I trying to compute the Hessian vector product with an unused vector in a customized optimizer. What is optimized is Logistic Regression where the output is a `{Tensor: (10, 784) }’, that is a 10 class problem with an input of dimension 784. For simplicity lets say that we do not have a bias term. To implement the optimizer I am using the PyTorch optimizer interface with closure to get the loss. I have tried some examples like this
_grads = grad(loss, params, grad_outputs=None, only_inputs=True, retain_graph=True, create_graph=True)
and this
v = tuple([torch.ones_like(_, requires_grad=True) for _ in group['params']])
v_hess = grad(_grads, params, grad_outputs=v, only_inputs=True, retain_graph=True,create_graph=True)

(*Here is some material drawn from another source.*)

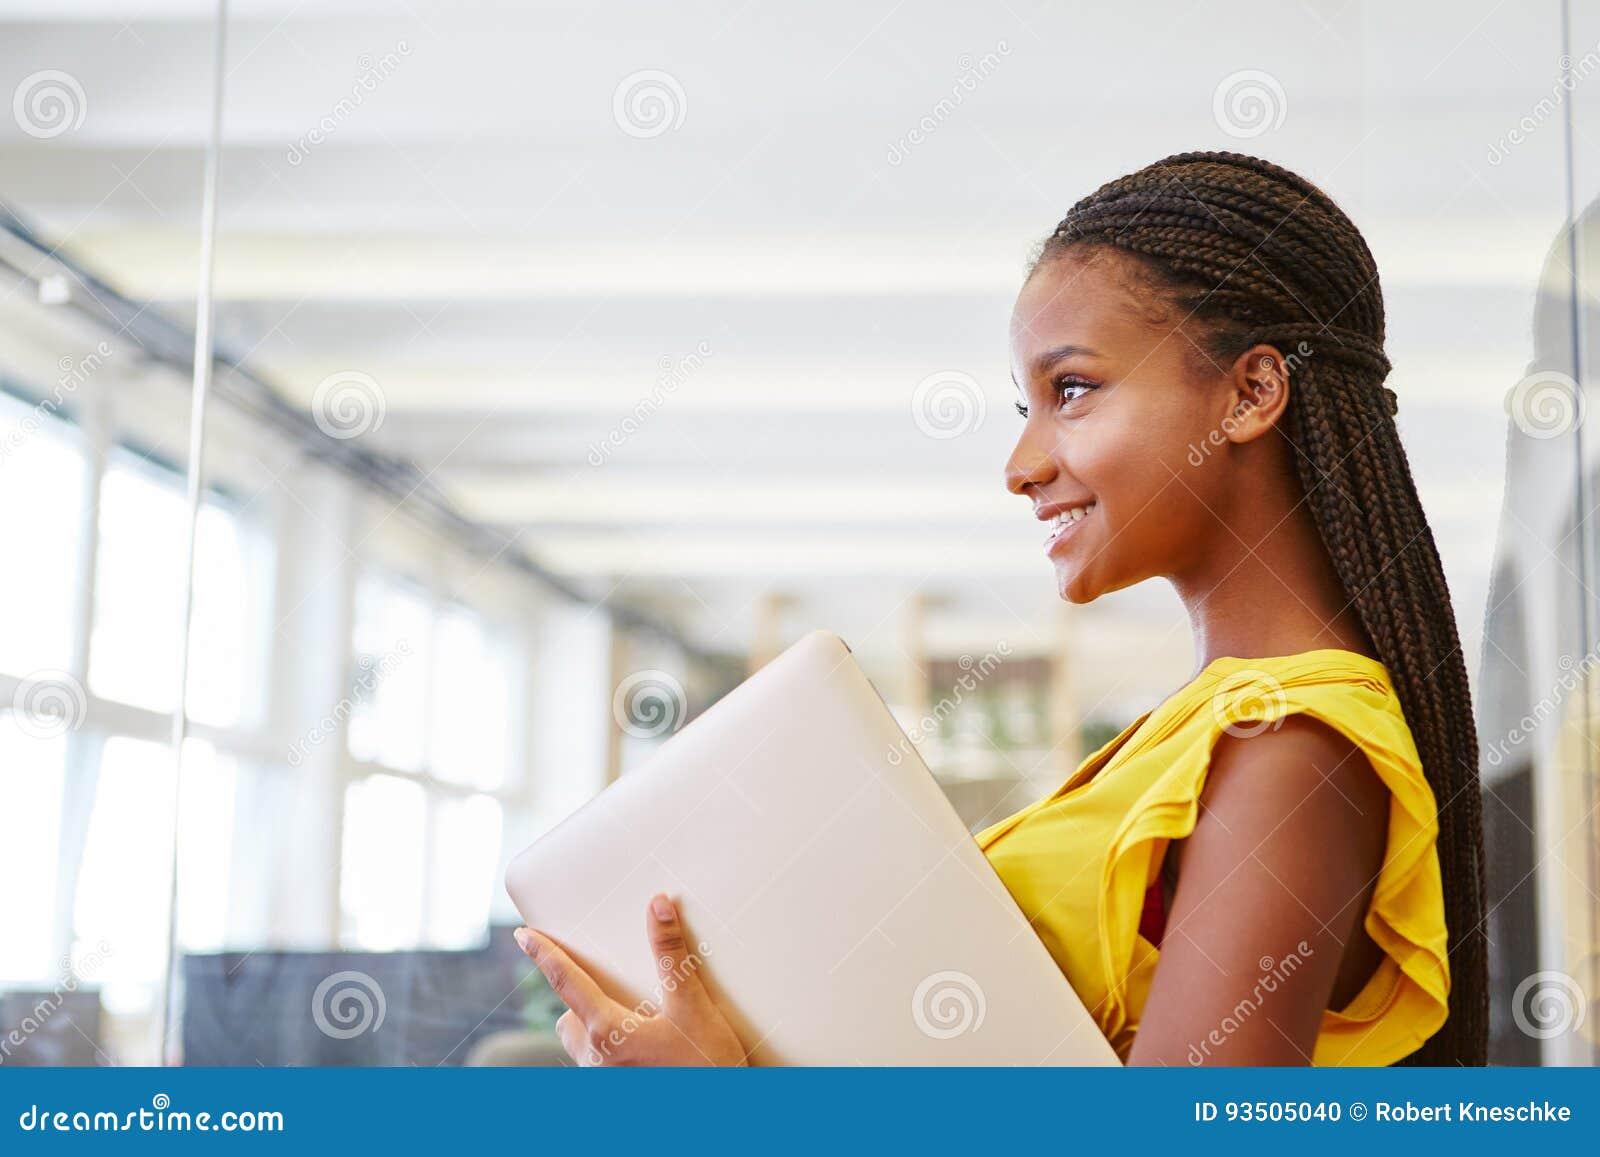 Ung kvinna som deltagare i utbildning
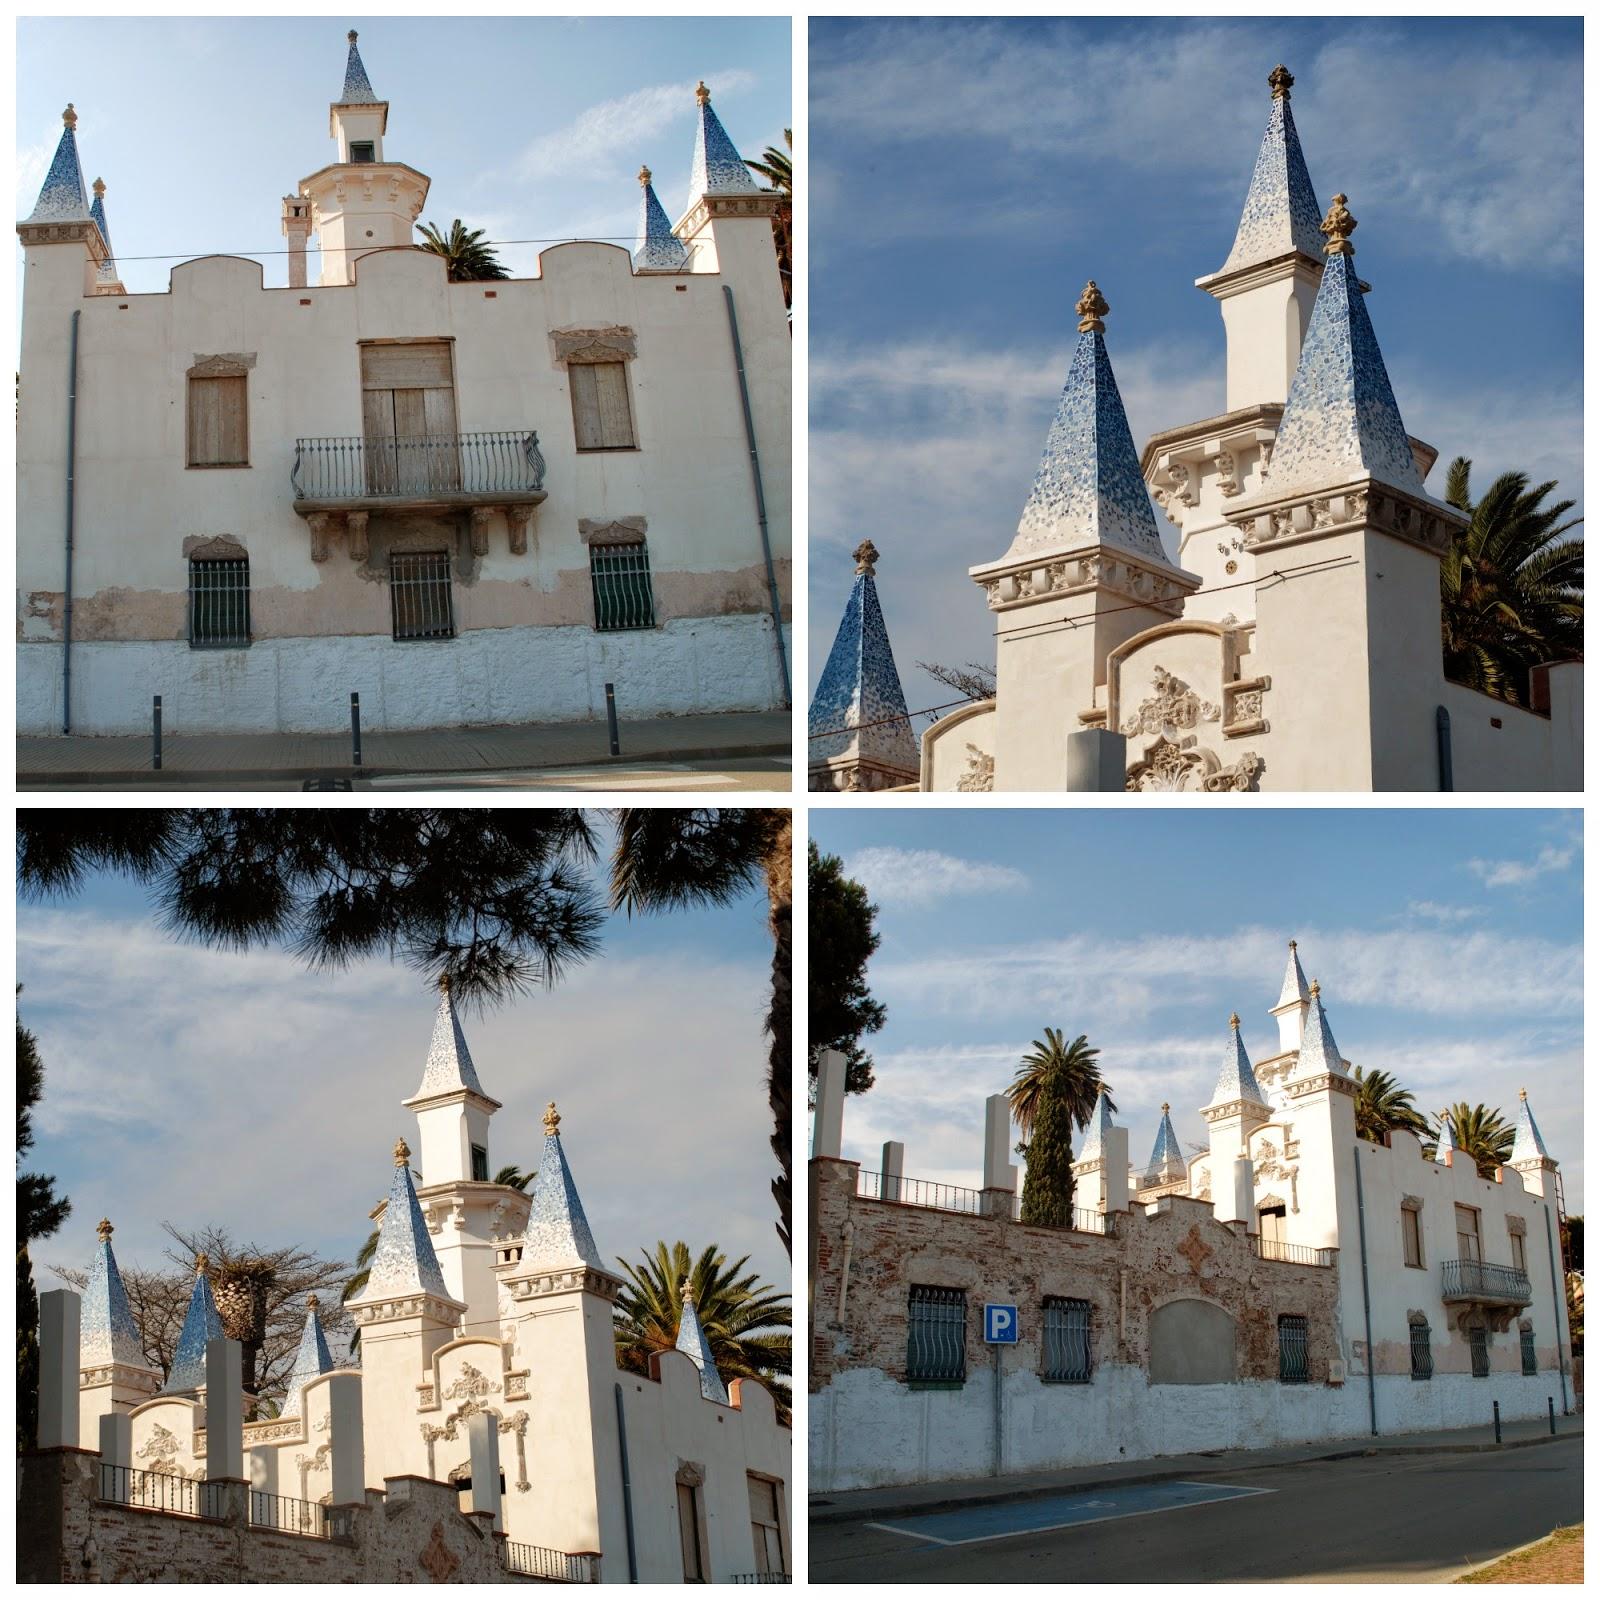 S'Agaro ... the pueblo down the road ...

and seems to work. However, what I need in my case is to compute the Hessian vector product for a specific gradient in _grads
with a predefined vector (grad_outputs
) like this
for p in group['params']:
if p.grad is not None:
params.append(p)
groups.append(group)
grads.append(p.grad)
for grad_x, param_x in zip(grads_x, params_x):
dummy_vector = torch.ones_like(grad_x, requires_grad=True)
Hdv = grad(grad_1_out_of_10, param_1_out_of_10, torch.ones_like(grad_1_out_of_10, requires_grad=True), allow_unused=True)
but Hdv
is None
. As an example of my problem think of that when you want to compute the conjugate directions where the output vector is initialized with the -grad_1_out_of_10 and Hessian vector products are needed in each iteration. Is it possible or meaningful to compute something like that? Could you please give an example?